El personaje de Santa Teresa de Jesús
estaba asociado al estilo gótico que Repullés adoptó,
lo que seguía en la línea fervorosa de otras obras de la
época. Justificando las razones de su proyecto, Repullés
llegaría a nombrar a esta santa, que “en templos ojivales elevó
su alma a Dios y recibió las inspiraciones divinas” y aludiría
al primitivo convento de Alba en su condición de ejemplo de estilo
gótico, un templo “que es cristiano por excelencia, lleno
de piadosos recuerdos, de hermosas tradiciones y místicos simbolismos,
y por tanto, fiel expresión del espíritu en su tipo más
genuinamente español”. Pero todo este fervor religioso era, además,
beligerante y asociado al poder eclesiástico.
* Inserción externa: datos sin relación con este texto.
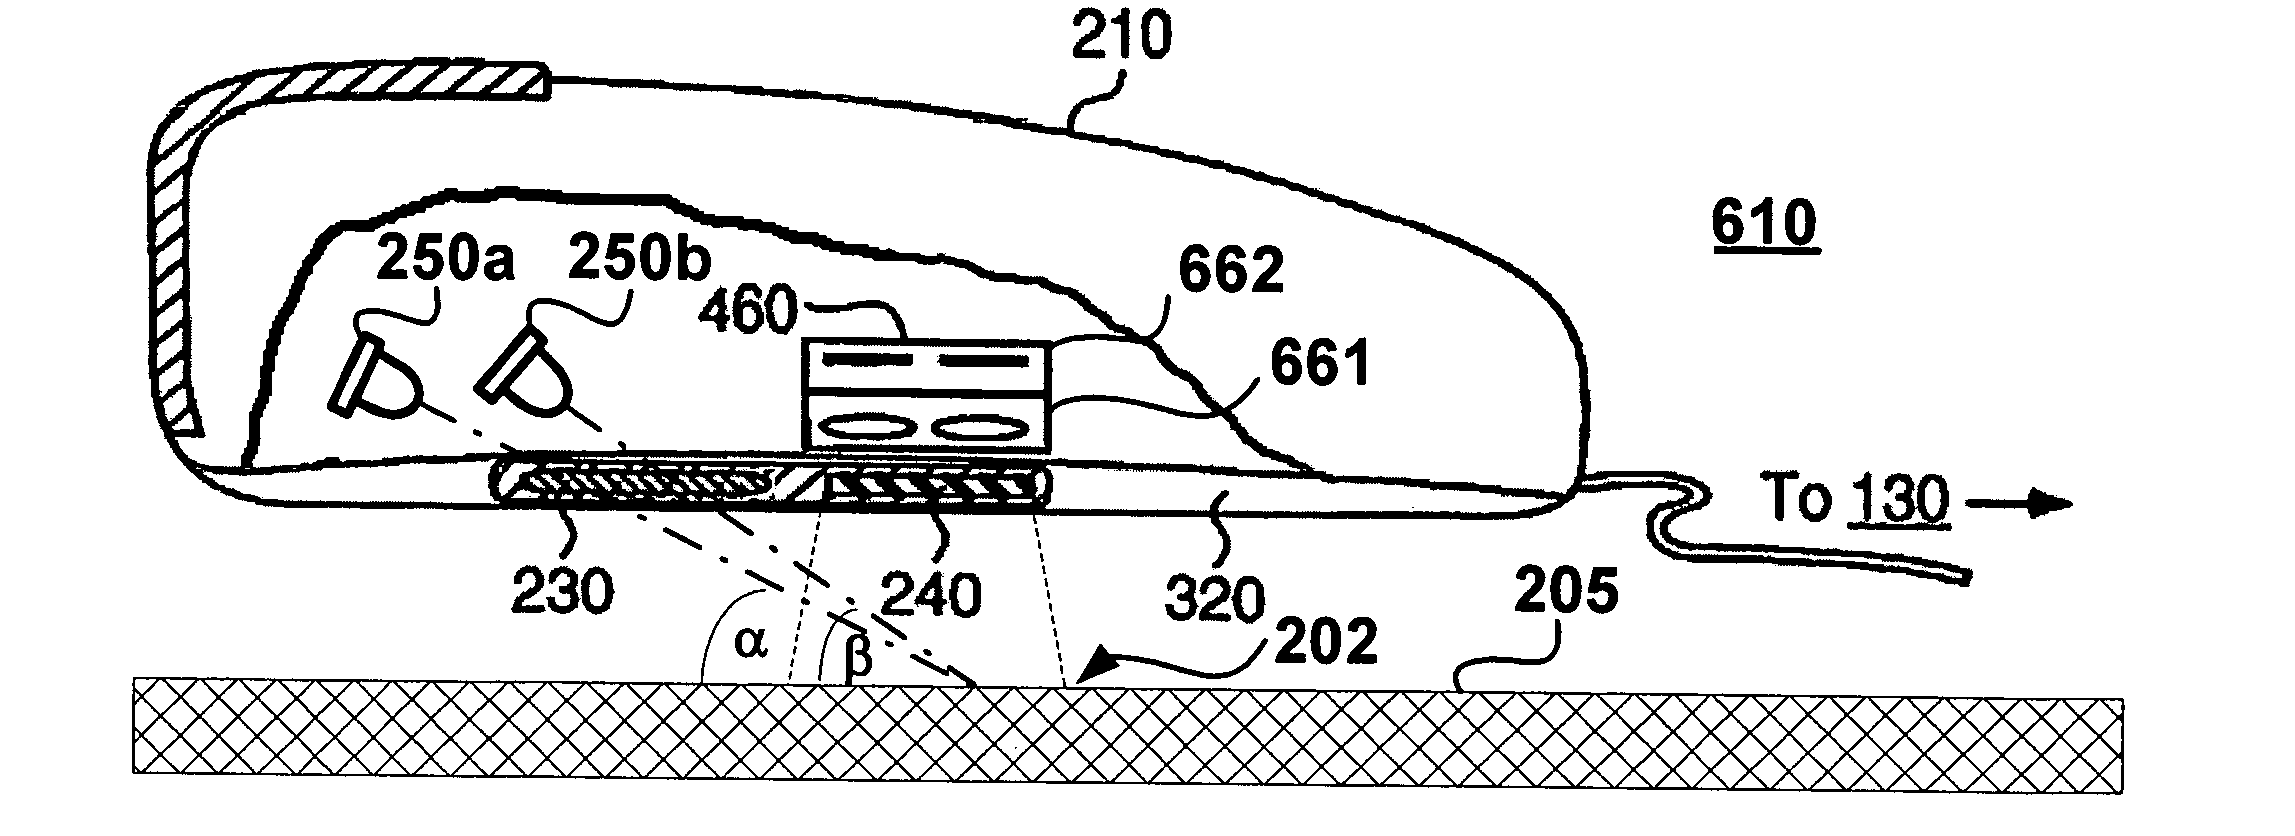 Multi-light-source illumination system for optical pointing devices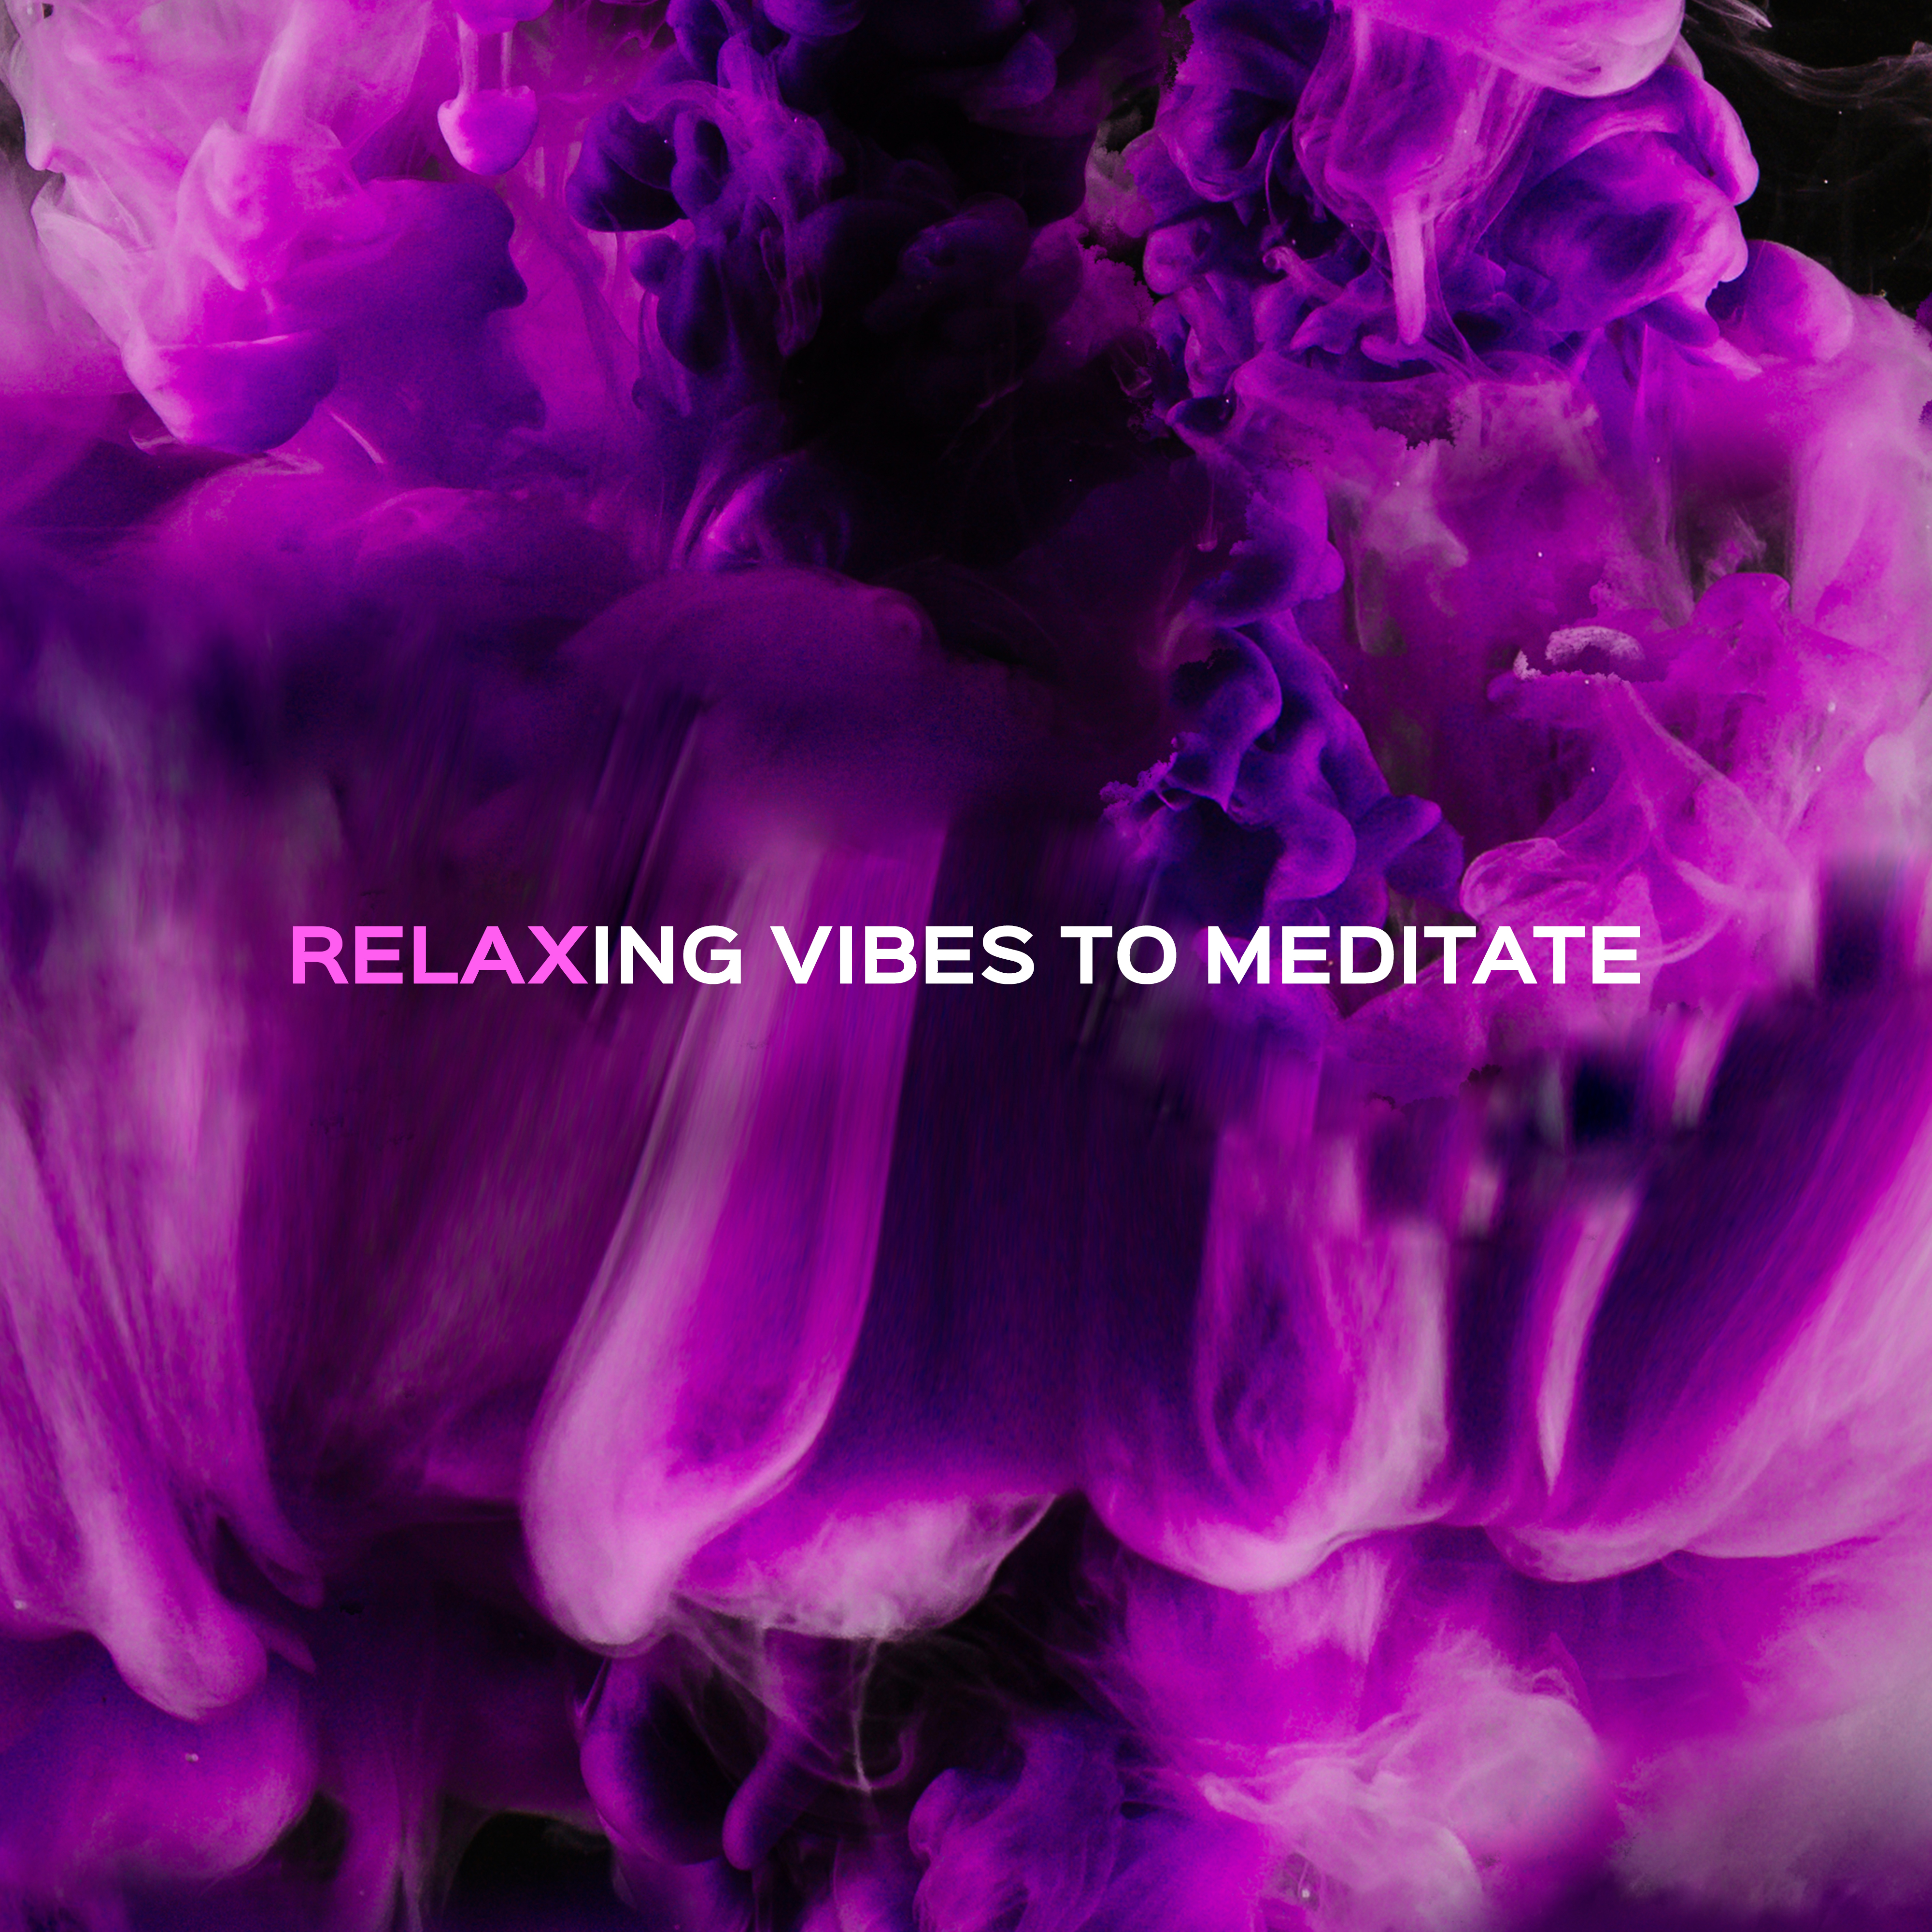 Relaxing Vibes to Meditate

De ahí que
expresara que con esta construcción de finales del XIX, “los católicos
deben dar relevante prueba de su vitalidad y demostrar urbi et orbi que
las puertas del infierno no prevalecerán contra la iglesia”.
Todos estos factores contribuyen a poder
ver en esta edificación de incompleta factura gótica
una suerte de ruina en la que se respira el talante del romanticismo.
La prevalencia de la militancia católica
y la pasión, sobre una visión pragmática del presupuesto
y del proyecto, hicieron que otros edificios se quedaran sin terminar.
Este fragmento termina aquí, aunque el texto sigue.